Re: Two dozen people were simply wrong --- Try to prove otherwise

On 6/3/2024 9:49 AM, Mikko wrote:

On 2024-06-03 13:16:12 +0000, olcott said:
 

On 6/3/2024 5:03 AM, Mikko wrote:

On 2024-05-31 15:13:02 +0000, olcott said:
 

On 5/31/2024 3:30 AM, Mikko wrote:

On 2024-05-31 01:54:52 +0000, olcott said:
 

On 5/30/2024 8:37 PM, Richard Damon wrote:

On 5/30/24 9:31 AM, olcott wrote:

On 5/30/2024 2:40 AM, Mikko wrote:

On 2024-05-30 01:15:21 +0000, olcott said:

 

x <is> a finite string Turing machine description that SPECIFIES behavior. The term: "representing" is inaccurate.

 No, x is a description of the Turing machine that specifies the behaviour
that H is required to report.

 That is what I said.

 Note, the string doesn't DIRECTLY specify behavior, but only indirectly as a description/representation of the Turing Mach
 

 The string directly SPECIFIES behavior to a UTM or to
any TM based on a UTM.

 An UTM interpretes the string as a specification of behaviour

 YES, exactly !!!
 

and another Turing machine may interprete likewise. But in a
different context the interpretation is different.
 

 When Ĥ is applied to ⟨Ĥ⟩
Ĥ.q0 ⟨Ĥ⟩ ⊢* embedded_H ⟨Ĥ⟩ ⟨Ĥ⟩ ⊢* Ĥ.qy ∞
Ĥ.q0 ⟨Ĥ⟩ ⊢* embedded_H ⟨Ĥ⟩ ⟨Ĥ⟩ ⊢* Ĥ.qn
 When embedded_H <is> a UTM or <is> a halting computation based on a
UTM then the ⟨Ĥ⟩ ⟨Ĥ⟩ input to embedded_H SPECIFIES that ⟨Ĥ⟩ ⟨Ĥ⟩ correctly
simulated by embedded_H cannot possibly reach its own simulated final
state at ⟨Ĥ.qn⟩.

 There is no requirement to follow the pecifications by embedded_H.

  In other words embedded_H can simply play bingo and never halt and still correctly decide the halt status of its input?
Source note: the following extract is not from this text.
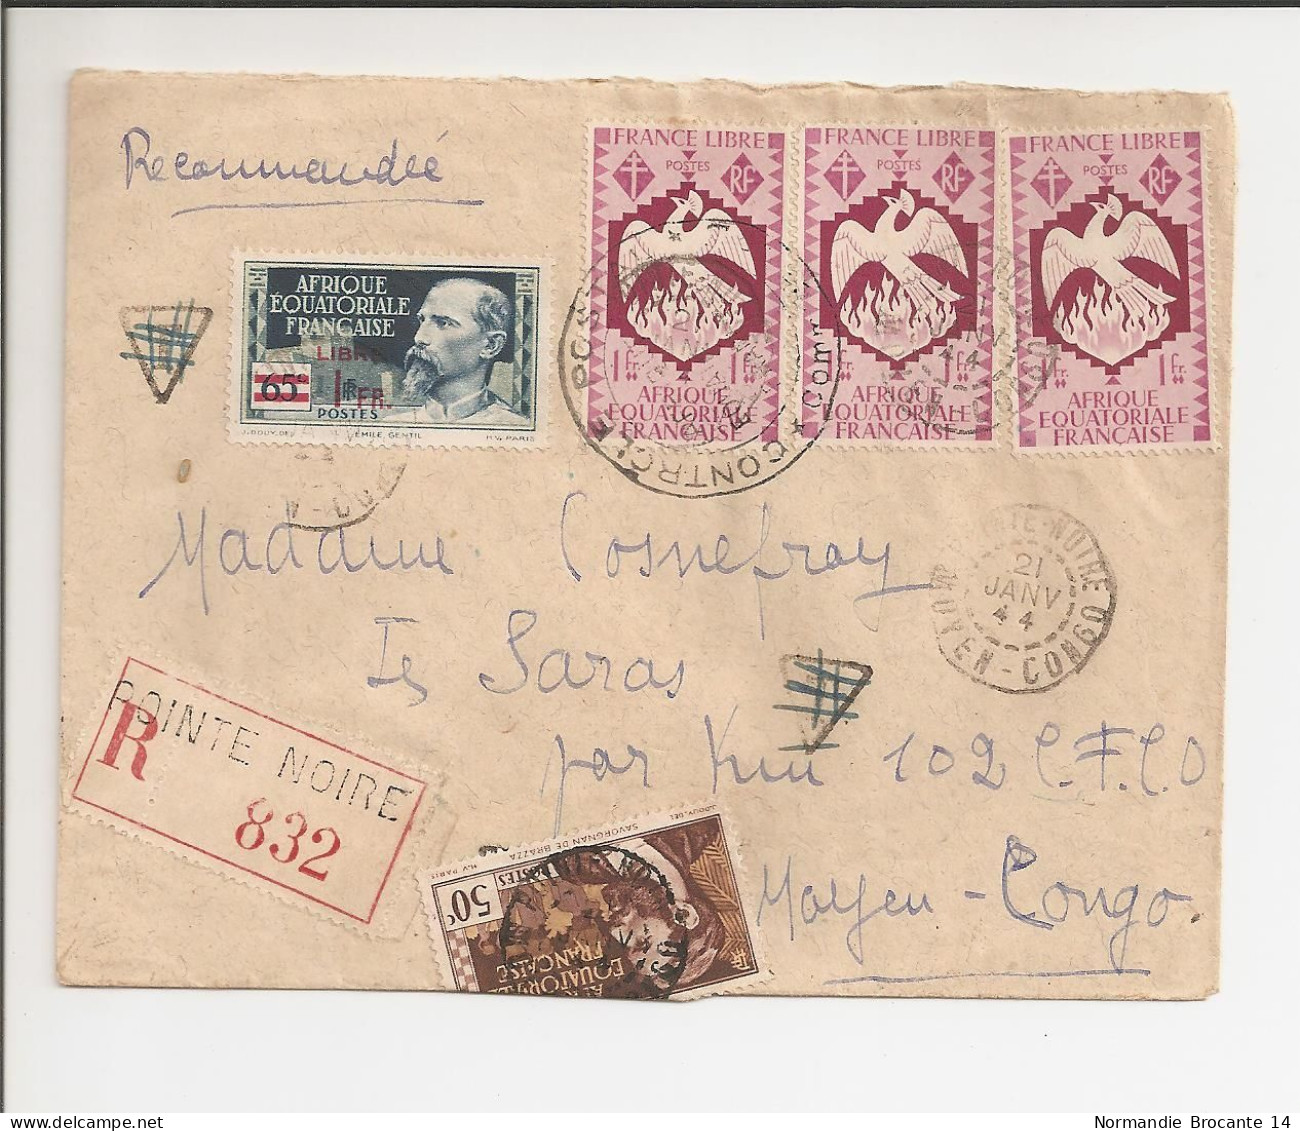 Lettre Recommandée AEF (Moyen Congo) Janvier 1944 - Timbre AEF France Libre - Covers & Documents

 Not of the input text but of the machine and input that the text
describes. The input to H contains enough information that the
machine can be constructed and run with the input. If the prediction
by H differs from the actual execution of the machine the prediction
is wrong and H is not a halt decider.
 

  int sum(int x, int y) { return x + y; }
sum(2,3) cannot return the sum of 5 + 6.
 DD correctly simulated by HH does have provably
different behavior than DD(DD) so HH is is not
allowed to report on the behavior of DD(DD).